START Material for this exercise

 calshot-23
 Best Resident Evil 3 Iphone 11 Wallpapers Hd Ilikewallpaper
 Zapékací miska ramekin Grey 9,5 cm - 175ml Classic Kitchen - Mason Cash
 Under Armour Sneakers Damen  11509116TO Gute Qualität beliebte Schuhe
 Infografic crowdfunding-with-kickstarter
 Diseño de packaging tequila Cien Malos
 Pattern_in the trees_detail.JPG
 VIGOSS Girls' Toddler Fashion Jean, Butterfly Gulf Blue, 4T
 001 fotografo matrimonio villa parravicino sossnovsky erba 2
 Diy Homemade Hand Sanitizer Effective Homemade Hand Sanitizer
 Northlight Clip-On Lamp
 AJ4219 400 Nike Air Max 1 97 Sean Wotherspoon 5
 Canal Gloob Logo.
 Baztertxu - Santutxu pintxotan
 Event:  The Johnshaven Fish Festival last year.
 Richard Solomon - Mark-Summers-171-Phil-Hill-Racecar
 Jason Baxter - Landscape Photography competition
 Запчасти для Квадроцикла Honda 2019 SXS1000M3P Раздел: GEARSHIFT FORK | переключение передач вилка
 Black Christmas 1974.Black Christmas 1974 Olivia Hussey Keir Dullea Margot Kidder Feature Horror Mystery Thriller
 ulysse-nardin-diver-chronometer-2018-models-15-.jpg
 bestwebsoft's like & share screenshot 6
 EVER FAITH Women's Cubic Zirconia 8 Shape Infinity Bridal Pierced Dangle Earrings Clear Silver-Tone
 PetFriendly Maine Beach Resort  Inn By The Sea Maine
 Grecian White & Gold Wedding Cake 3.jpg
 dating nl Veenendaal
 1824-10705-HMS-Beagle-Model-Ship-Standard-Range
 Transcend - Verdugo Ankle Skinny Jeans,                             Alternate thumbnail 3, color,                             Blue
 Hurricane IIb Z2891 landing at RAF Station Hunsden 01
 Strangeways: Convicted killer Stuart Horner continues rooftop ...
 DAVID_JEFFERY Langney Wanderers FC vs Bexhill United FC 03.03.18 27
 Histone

END Material for this exercise

> _Requirement_:
In the records above, the line with "Best Resident Evil" marks the start and the line with "Festival last year." marks the end; copy that stretch exactly, both lines included, and nothing else.

> _Task output_:
 Best Resident Evil 3 Iphone 11 Wallpapers Hd Ilikewallpaper
 Zapékací miska ramekin Grey 9,5 cm - 175ml Classic Kitchen - Mason Cash
 Under Armour Sneakers Damen  11509116TO Gute Qualität beliebte Schuhe
 Infografic crowdfunding-with-kickstarter
 Diseño de packaging tequila Cien Malos
 Pattern_in the trees_detail.JPG
 VIGOSS Girls' Toddler Fashion Jean, Butterfly Gulf Blue, 4T
 001 fotografo matrimonio villa parravicino sossnovsky erba 2
 Diy Homemade Hand Sanitizer Effective Homemade Hand Sanitizer
 Northlight Clip-On Lamp
 AJ4219 400 Nike Air Max 1 97 Sean Wotherspoon 5
 Canal Gloob Logo.
 Baztertxu - Santutxu pintxotan
 Event:  The Johnshaven Fish Festival last year.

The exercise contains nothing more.